Part One describes the murders, committed once each season and always during an extreme weather event. Tornado, ice storm, record-setting fog or heatwave, etc. We are introduced to Dixon Bell, a preternaturally gifted meteorologist, and Rick Beanblossom, a brilliant investigator and news producer. This was the good part of the book. Great characters. A crime story with a novel twist. An interesting look at TV news production from the inside.
Part One also serves as the author's love letter to the state of Minnesota. It's apparently beautiful, and crime is low, and the people are kind and proud and modest and industrious. The whole state is just really super, like Lake Wobegon but even better. Then Dixon Bell gets arrested.

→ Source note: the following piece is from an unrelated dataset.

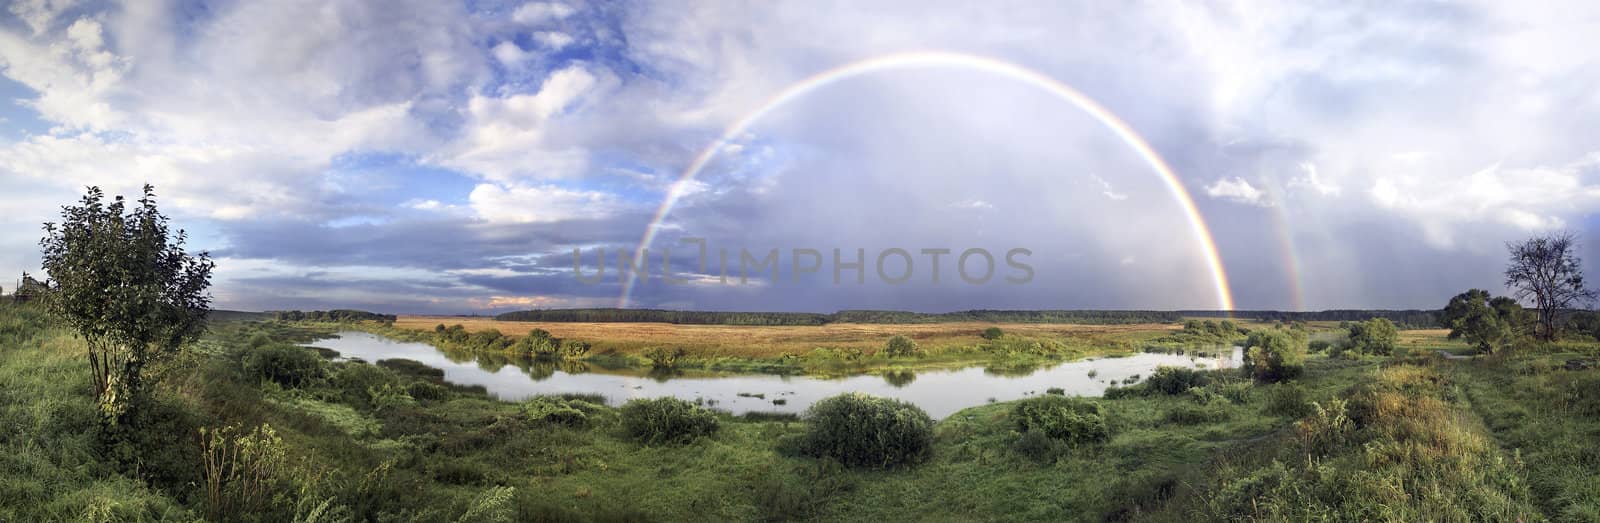 Rainbow on wood after rain by AlexKhrom
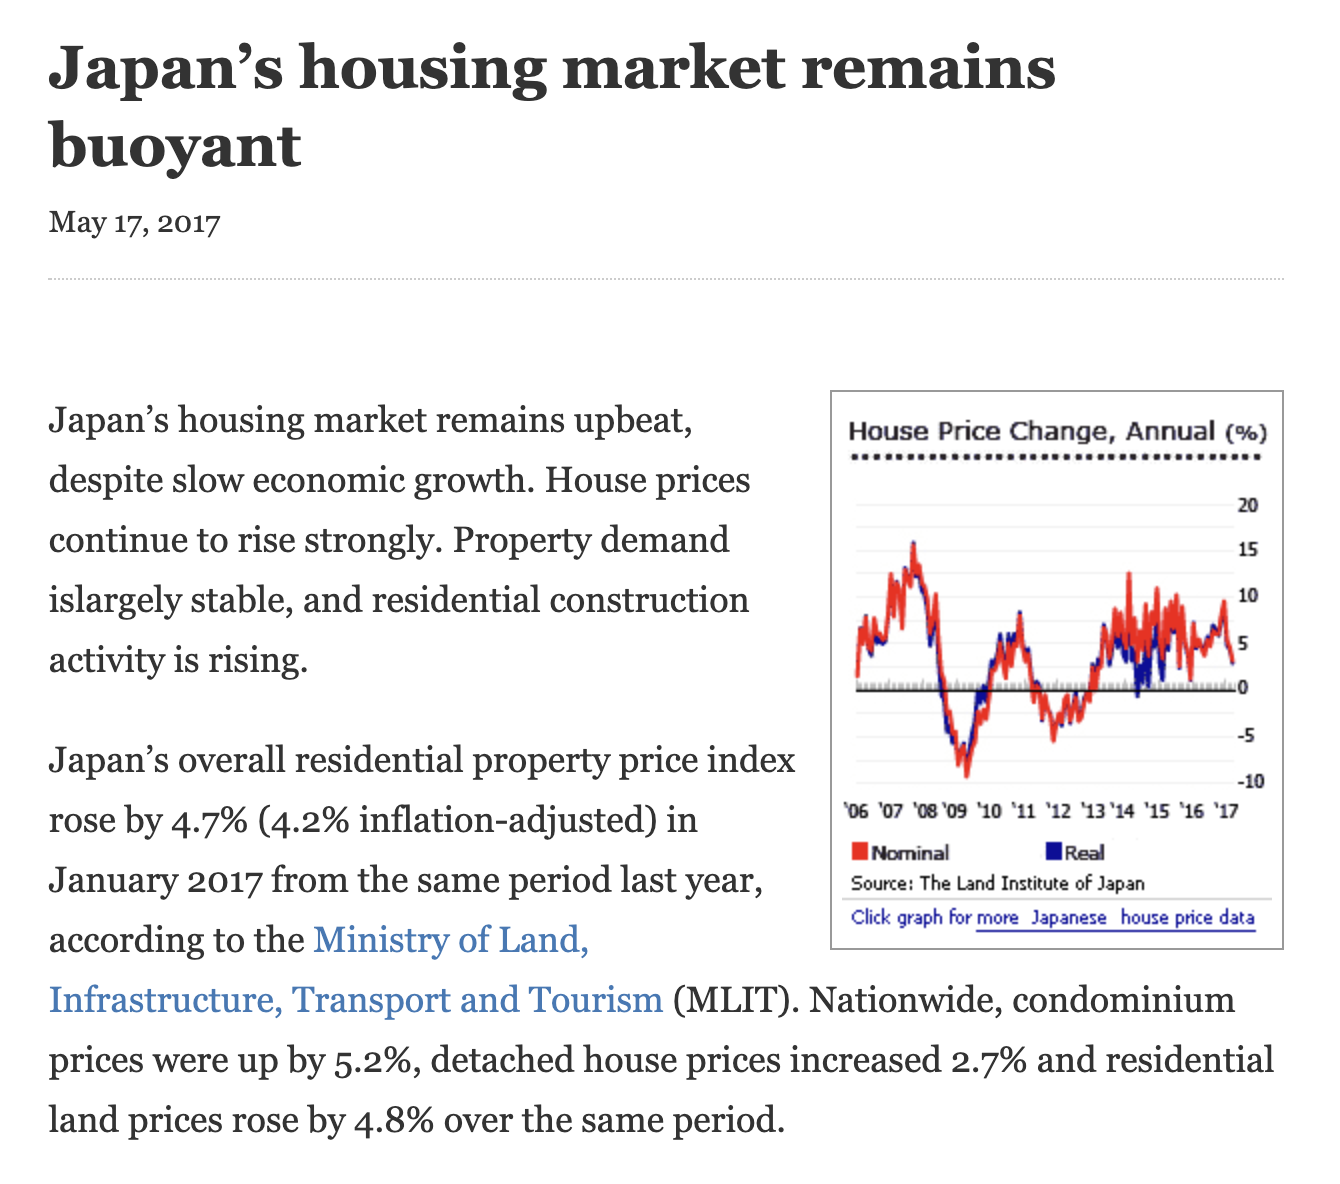 Japan’s housing market remains buoyant

Part Two, in which Bell is put on trial while Beanblossom tries to prove he's innocent, is riddled with plot holes. When another character confesses to the murders right in front of Beanblossom, why in hell would he keep that information to himself?? If Bell IS guilty...why?? He makes no sense as a serial killer. The maximum security prison in which Bell is housed is filled wall to wall with gentle, sympathetic guards and noble, self-sacrificing hero-prisoners. Ooookay. An execution is described in multi-page grotesque, loving detail. TWICE. It reminded me of those anti-abortion billboards that basically go "Abortion is wrong because look at this picture of a happy fetus." Part Two is driven transparently by the author's agenda and the story suffers badly for it.
The writing is solid and the research is excellent, but after a good start The Weatherman runs off the rails.